Bo’s answer: it depends. Under some conditions, GenAI induces an epistemic apocalypse, flattening signals and confusing recruiters. In others, it reveals skill even more sharply, giving high-types superpowers. The episode walks through the theory, the experiment, and implications.

Transcript:Seth: Welcome to the Justified Posteriors Podcast, the podcast that updates its priors about the economics of AI and technology. I’m Seth Benzell, certifying my humanity with takes so implausible that no softmax could ever select them at Chapman University in sunny Southern California.

Andrey: And I am Andrey Fradkin, collecting my friends in all sorts of digital media formats, coming to you from San Francisco, California. Today we’re very excited to have Bo Cowgill with us. Bo is a friend of the show and a listener of the show, so it’s a real treat to have him. He is an assistant professor at Columbia Business School and has done really important research on hiring, on prediction markets, and now on AI and the intersection of those topics. And he’s also won some very cool prizes. I’ll mention that he was on the list of the best 40 business school professors. So he is one of those professors that’s really captivating for his students. So yeah. Welcome, Bo.

Bo Cowgill: Thank you so much. It’s awesome to be here. Thanks so much for having me on the podcast.
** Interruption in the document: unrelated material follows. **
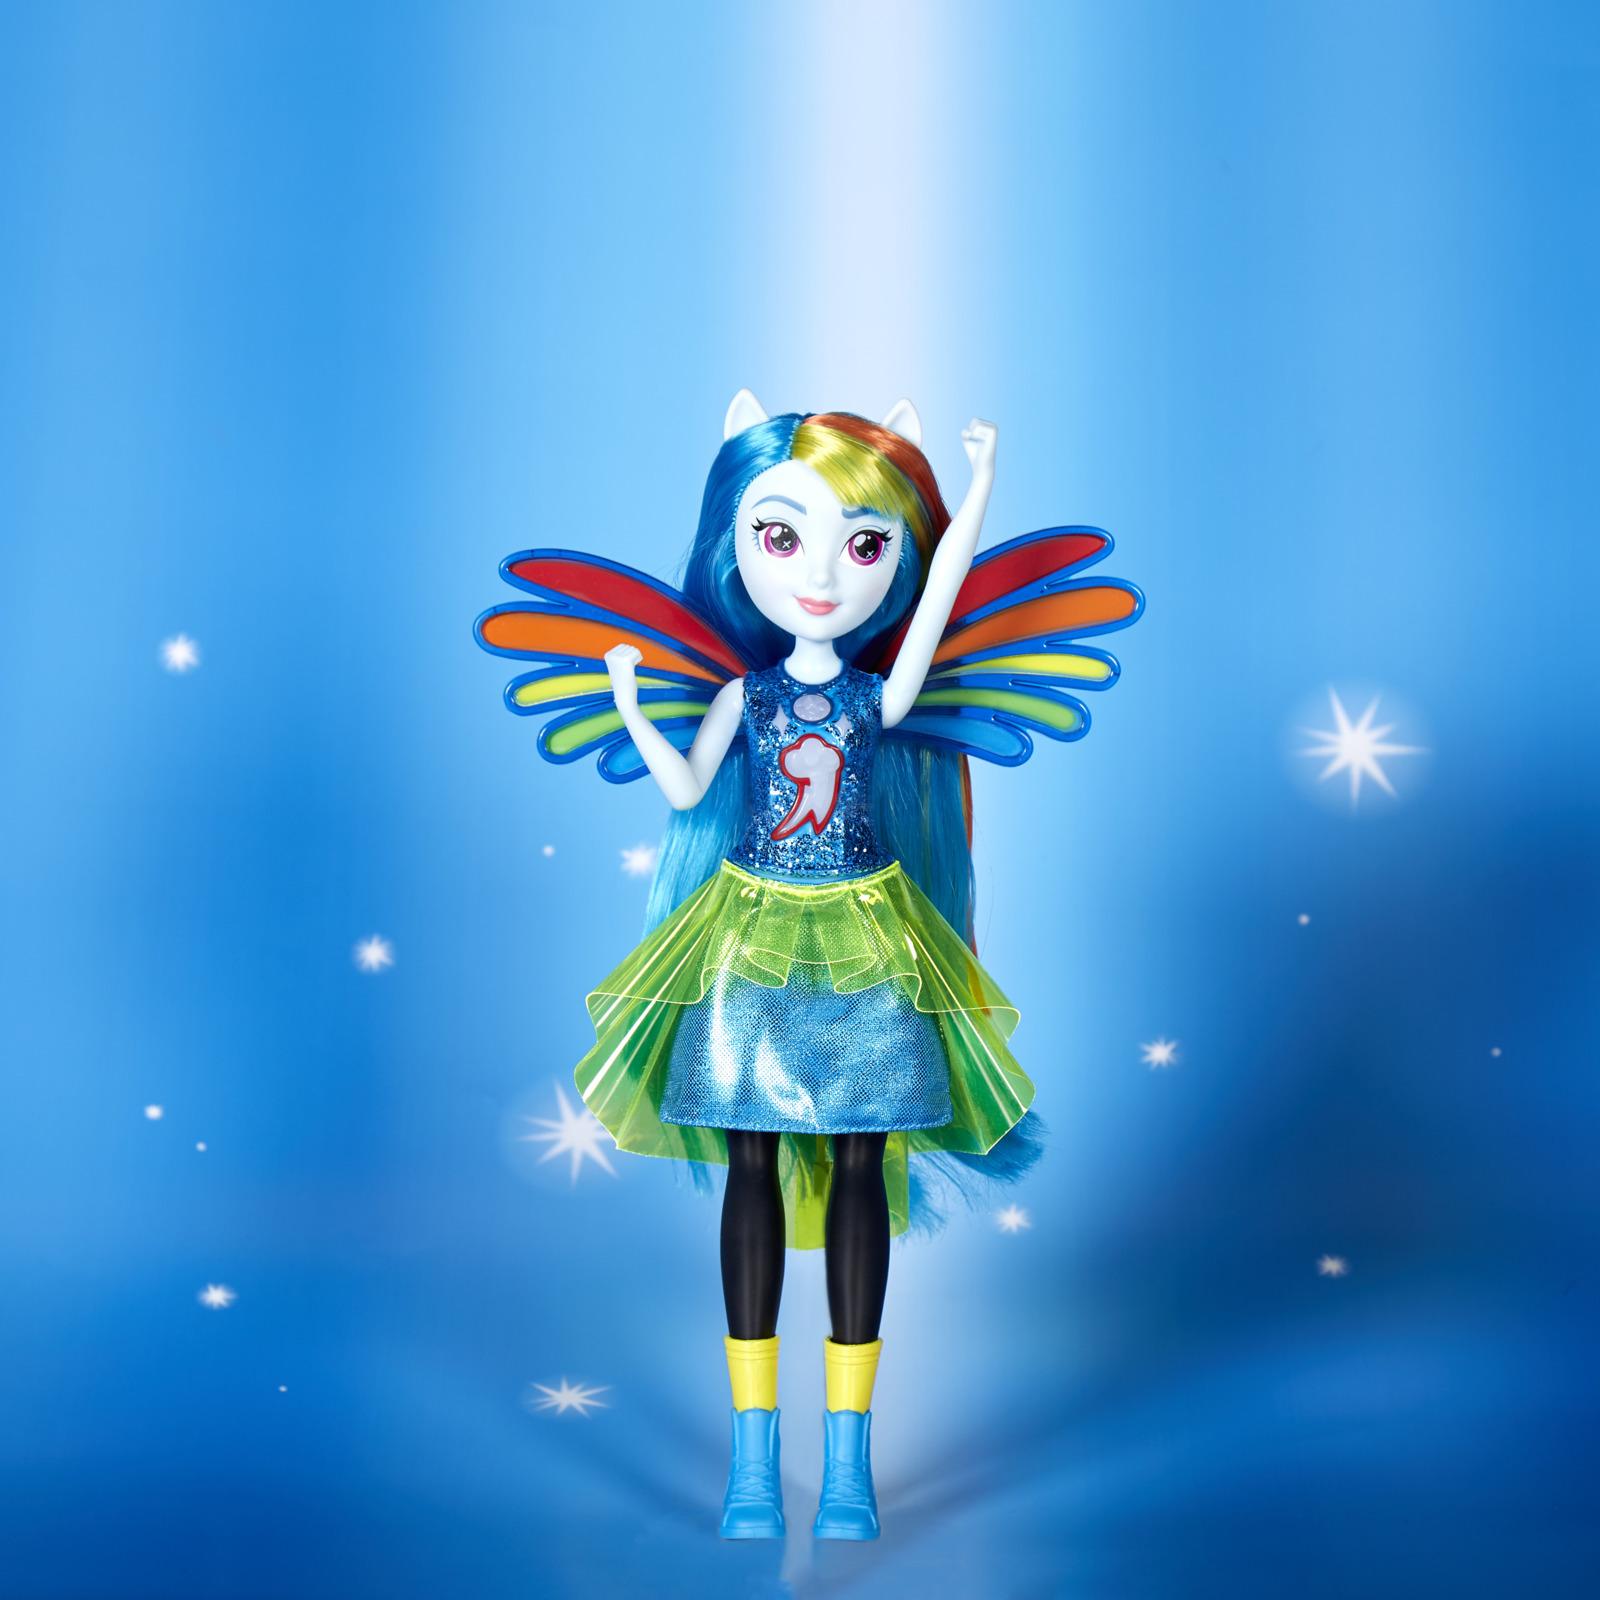 Картинки кукла май литл пони радуга

Seth: What do you value about the podcast? That’s something I’ve been trying to figure out because I just do the podcast for me. I’m just having a lot of fun here with Andrey. Anything I can do to get this guy’s attention to talk about interesting stuff for 10 minutes? Why do you like the podcast? What can we do to make this an even better podcast for assistant professors at Columbia?

Bo Cowgill: Well, I don’t wanna speak for all assistant professors at Columbia, but one thing it does well is aggregate papers about AI that are coming out from around the ecosystem and random places. I think it’s hard for anybody to catch all of these, so you guys do a great job. I did learn about new papers from the podcast sometimes.

Another cool thing I think is there is some continuity across podcast episodes about themes and arbitrage between different topics and across even different disciplines and domains. So I think this is another thing you don’t get necessarily just kind of thumbing around papers yourself.

Seth: So flattering. So now I can ask you a follow-up question, which is: obviously you’re enjoying our communication to you. A podcast is kind of a one-dimensional communication. Now we’ve got the interview going, we’ve got this back and forth. How would you think about the experience of the podcast changing if a really, really, really good AI that had read all of my papers and all of Andrey’s papers went and did the same podcast, same topics? How would that experience change for you? Would it have as much informative content? Would it have as much experiential value? How do you think about that?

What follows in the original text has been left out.